2022 Costa Rican Cup
- Tournament logo

Tournament details
- Country: Costa Rica
- Dates: 15 November–21 December
- Teams: 16

Final positions
- Champions: Cartaginés
- Runners-up: Herediano
- Semifinalists: Alajuelense; Saprissa;

Tournament statistics
- Matches played: 30
- Goals scored: 100 (3.33 per match)
- Top goal scorer: Javon East (5 goals)

= 2022 Costa Rican Cup =

The 2022 Costa Rican Cup (known as Torneo de Copa 2022 Suerox for sponsorship reasons) was the 4th staging of the Costa Rican Cup, and the first edition since 2015, following a seven-year hiatus.

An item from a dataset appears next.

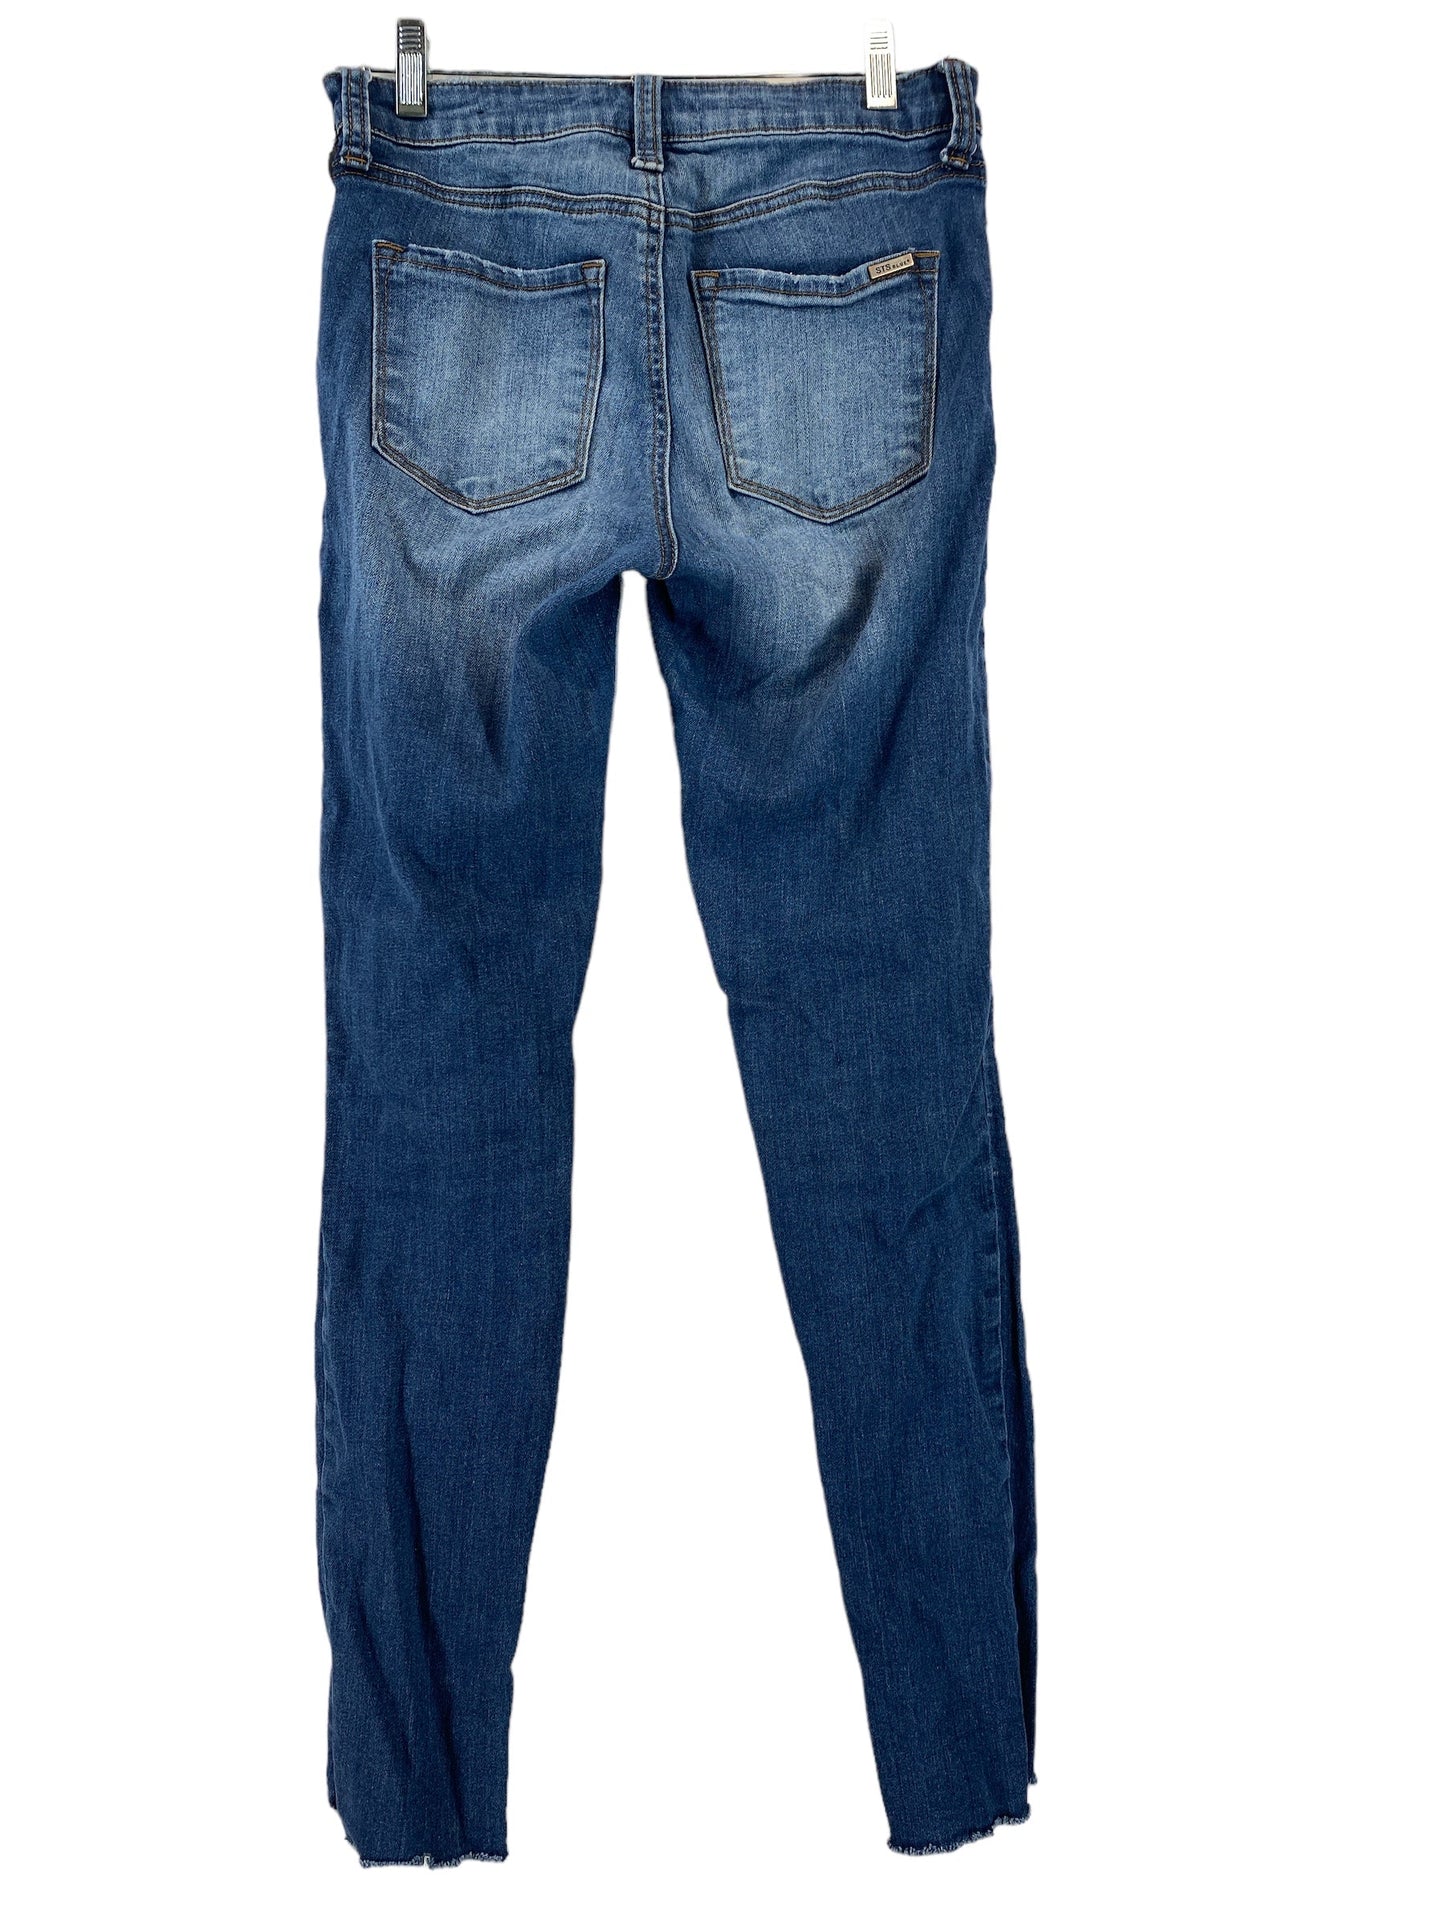 Jeans Skinny By Sts Blue  Size: 0

The tournament was dedicated to Anthony Vargas, goalkeeping coach for Guadalupe who had died from a heart attack during a training session in October 2022, aged 29.

The tournament featured all twelve teams from the Liga FPD plus four sides from the Segunda División de Costa Rica. The format consisted in a knockout tournament, starting from the Round 16 to the final, with all stages (including the final) being double-legged.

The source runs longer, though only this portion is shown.